Crane owner, operator both liable for damages caused by its collapse, says court

The case relates to an incident in May 2009 at Bulebel industrial estate in which a car belonging to Emanuel Gauci was damaged by a falling crane, which was being operated by Kevin Bartolo.

The court of appeal has upheld an arbiter's decision to hold a crane owner and operator responsible for the destruction it caused when it toppled over, also ordering them to pay double costs for the frivolous appeal.

The case relates to an incident in May 2009 at Bulebel industrial estate in which a car belonging to Emanuel Gauci was damaged by a falling crane, which was being operated by Kevin Bartolo.

The crane had been removing a large tank from a factory when it overturned, coming to rest on two parked cars, one of which was Gauci's.

Gauci's insurers, Untours Insurance Agency, filed proceedings against Victor Micallef, in whose name the crane was registered. Micallef had denied all responsibility for the accident, as he had lent it to Roc-A-Go Crane Services Ltd, who had been operating it at the time.

In the original decision, the arbiter had held that Micallef bore responsibility for the operation of crane as it was registered in his name, however Micallef had then filed an appeal, arguing that the arbiter had been mistaken. Micallef was at home at the time of the accident, he had argued, besides pointing out that the crane had been on loan to Roc-A-Go, whose employees had been operating it, at the time.

Furthermore, argued the appellants, nobody had witnessed the incident taking place and it had been the Health and Safety Authority that had concluded that an outrigger leg had not been properly deployed.

But Mr. Justice Anthony Ellul, presiding over the court of appeal, held that there was “nothing censurable in the conclsuion reached by the arbiter” as one of the outriggers had not been extended properly and had merely been resting on the ground at the time of the accident.

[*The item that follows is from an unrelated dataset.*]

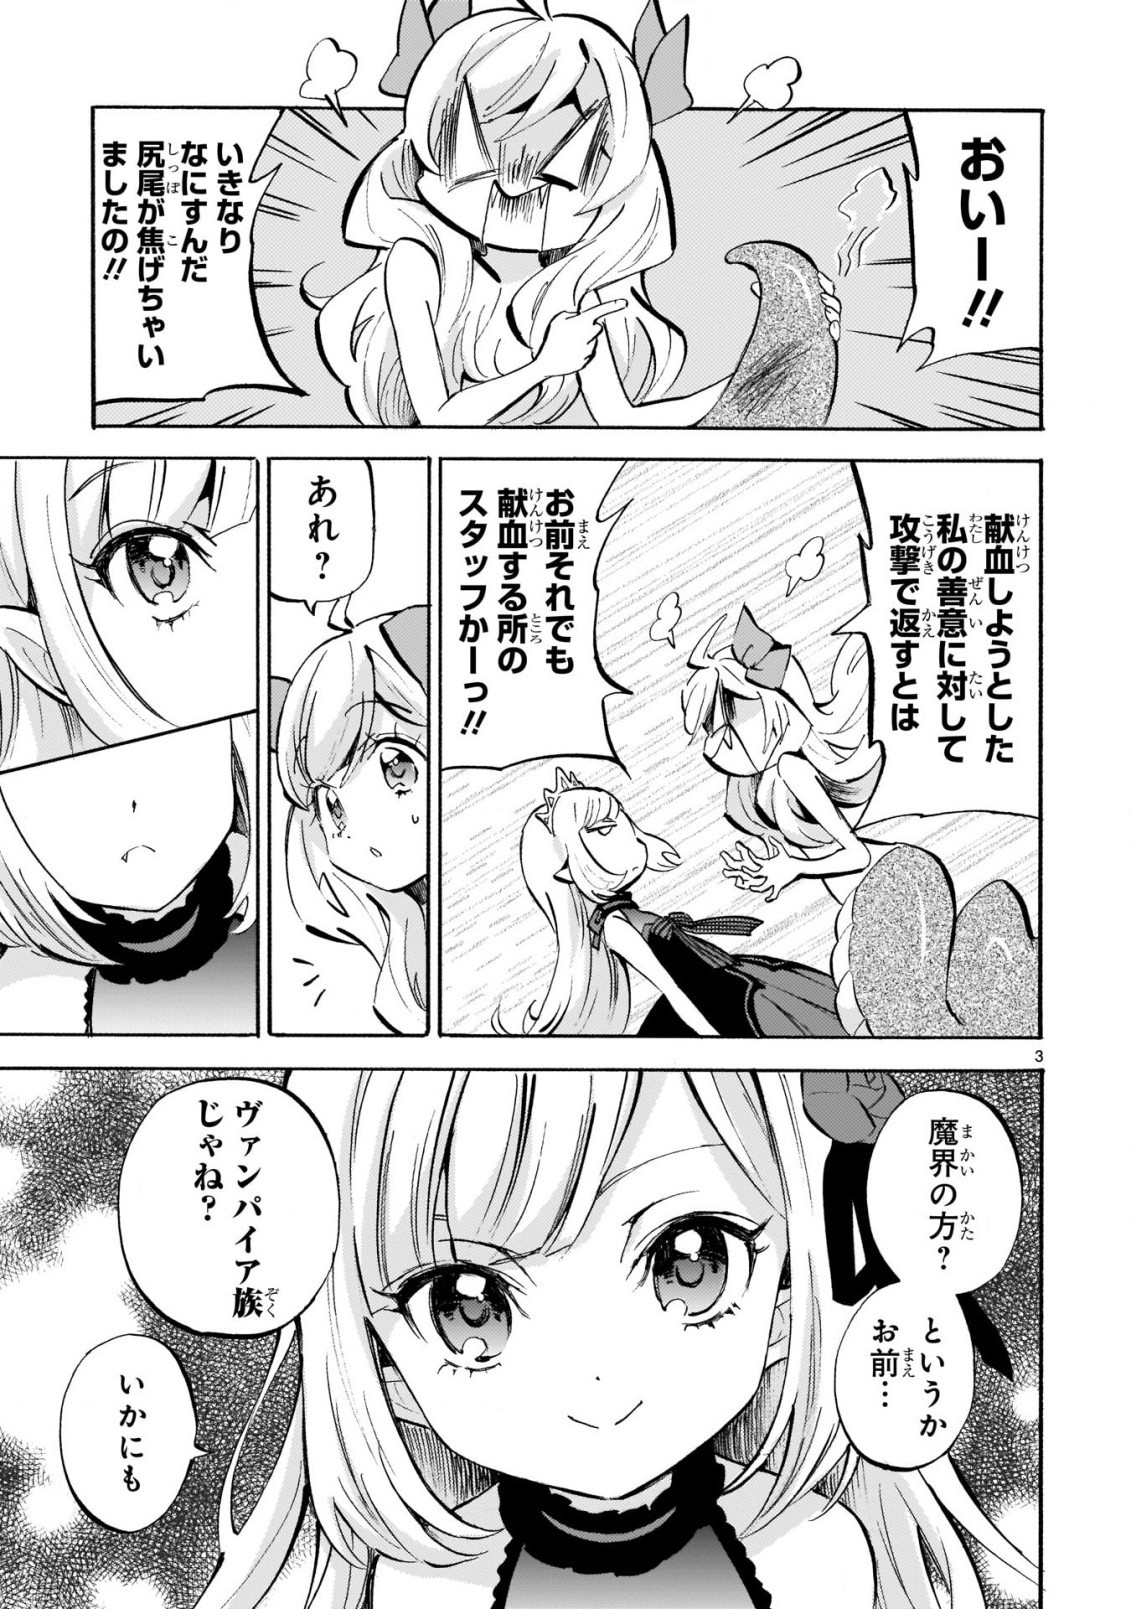 Jashin-chan Dropkick - Chapter 186 - Page 3

“Logic dictates that the incident occurred because the outriggers had not been properly assembled,” said the court, also citing the Health and Safety report, which concluded that the crane had toppled over on the side where this outrigger was not extended.

Additionally, said the court, there was nothing to indicate that the incident could have been attributable to force majeur, as had also been alleged.

Micallef had told police at the scene that he had transferred the registered ownership of the crane to the company, but no documentary evidence of this had been exhibited.

The court cited a previous judgement of the court of appeal, Emanuel Zammit noe vs Charles Polidano proprio et, in which it had been held that a company could not shirk its responsibility by saying that it had appointed a person to take care of the work.

It was evident that the person he had appointed was not skilled at operating a crane, said the court, which led to him being liable for entrusting the task to him.

Bartolo had denied being at the controls of the crane before the arbiter but the court noted that this contradicted what he had told police in the immediate aftermath of the incident.

The court confirmed the original award of €4,146.28 to the insurer and €81.52 to Gauci as well as condemning the appellants to pay double costs as the court adjudged the appeal to be friviolous.